AMENDMENT TO
4D MOLECULAR THERAPEUTICS, INC.
2025 EMPLOYMENT INDUCEMENT AWARD PLAN
This amendment (“Amendment”) to the 2025 Employment Inducement Award Plan (the “Inducement Plan”) of 4D Molecular Therapeutics, Inc., a Delaware corporation (the “Company”) is made pursuant to Section 11.4 of the Plan, effective as of January 23, 2026.
WITNESSETH THAT:
WHEREAS, the Company presently maintains the Inducement Plan for the benefit of its employees;
WHEREAS, pursuant to Section 11.4 of the Plan, the Board of Directors of the Company (the “Board”) may amend, suspend, or terminate the Plan at any time;
WHEREAS, the Plan is exempt from Nasdaq rules requiring stockholder approval of “equity compensation plans” pursuant to the Nasdaq Rule 5635(c)(4) exemption for “employment inducement awards,” and, accordingly, the Amendment shall not be submitted to the Company’s stockholders for their approval; and
WHEREAS, the Board believes it is in the best interests of the Company to amend the Inducement Plan as set forth in this Amendment.
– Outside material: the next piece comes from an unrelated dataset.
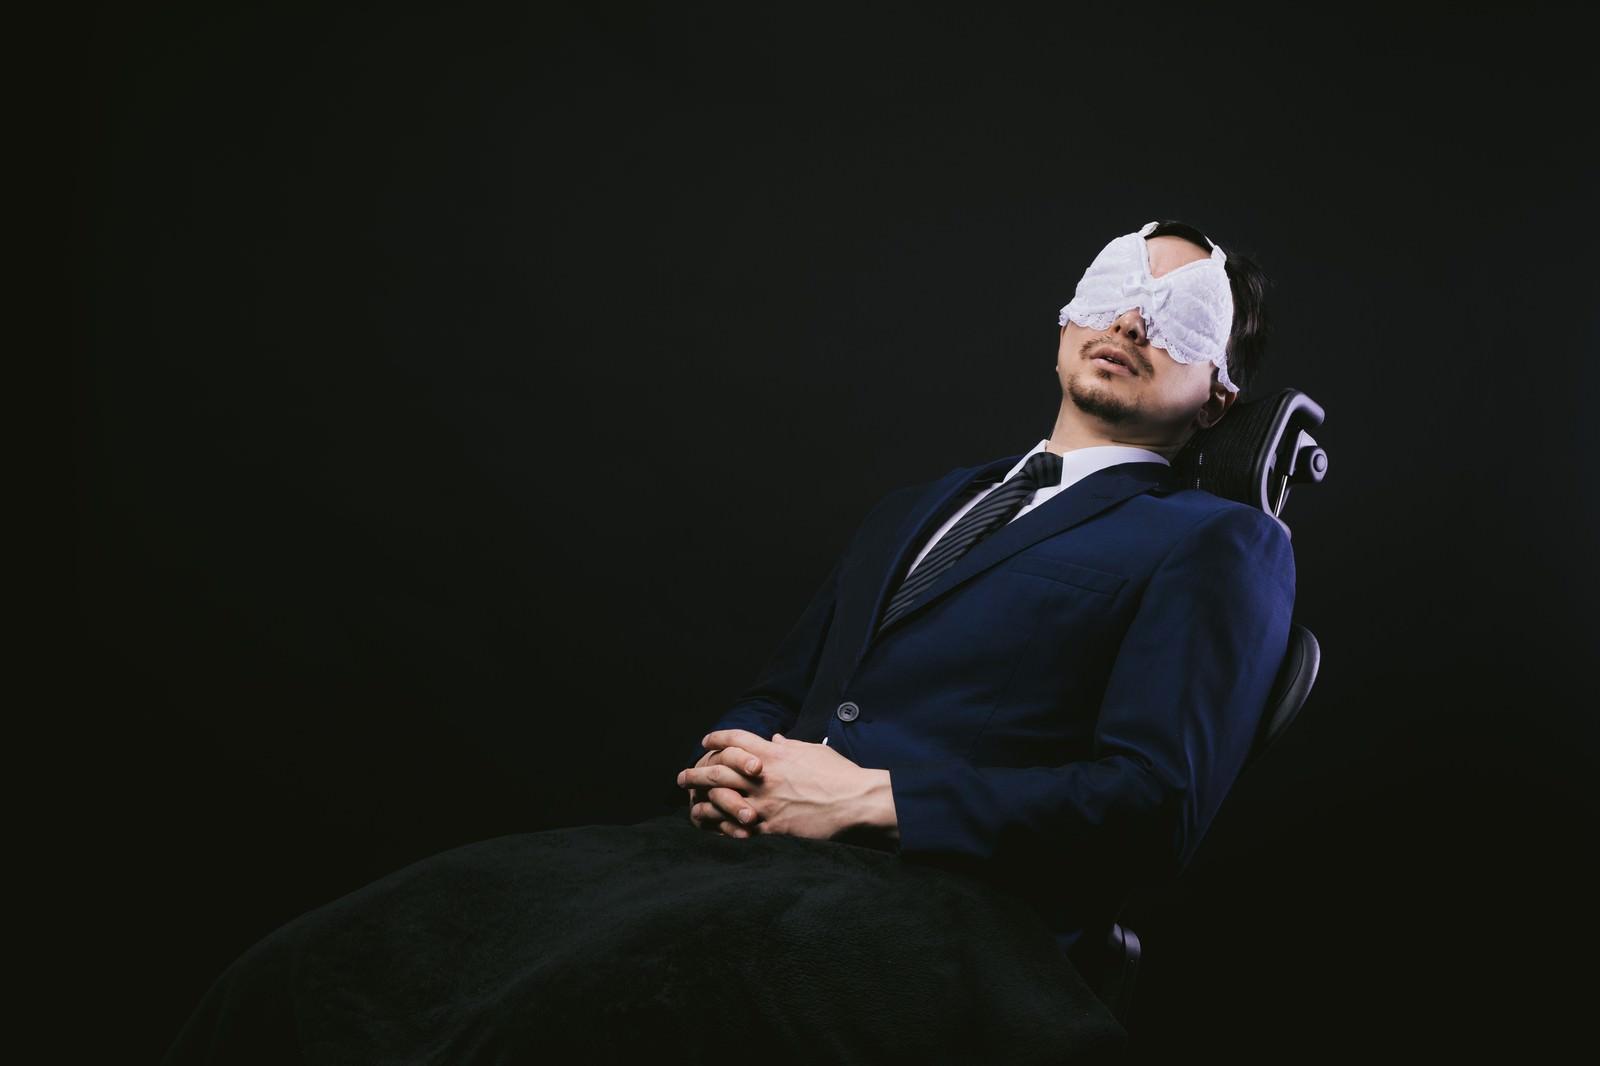 「業務中にレースのアイマスクを装着して仮眠を取るサラリーマン業務中にレースのアイマスクを装着して仮眠を取るサラリーマン」[モデル:Max_Ezaki]のフリー写真素材を拡大
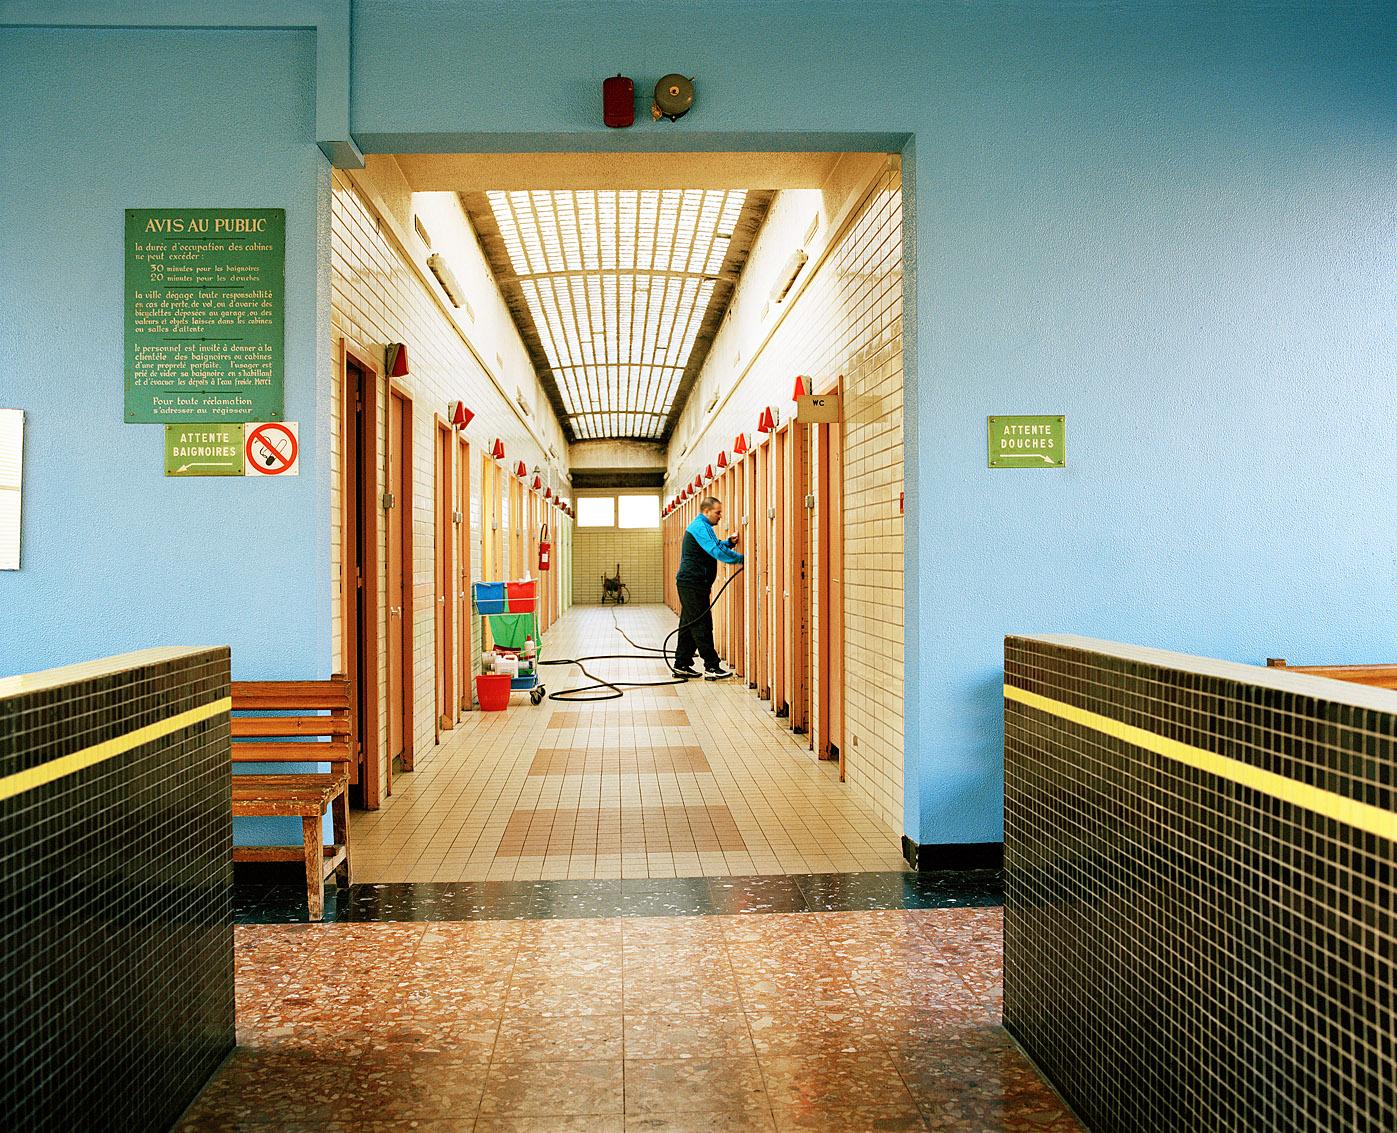 Les cabines sont nettoyées après chaque usager. Bains-douches municipaux Fives, Lille.

NOW THEREFORE, the Plan is hereby amended as follows:
“Number of Shares. Subject to adjustment under Article IX and the terms of this Article V, Awards may be made under the Plan covering up to 1,500,000 Shares. Shares issued or delivered under the Plan may consist of authorized but unissued Shares, Shares purchased on the open market or treasury Shares.”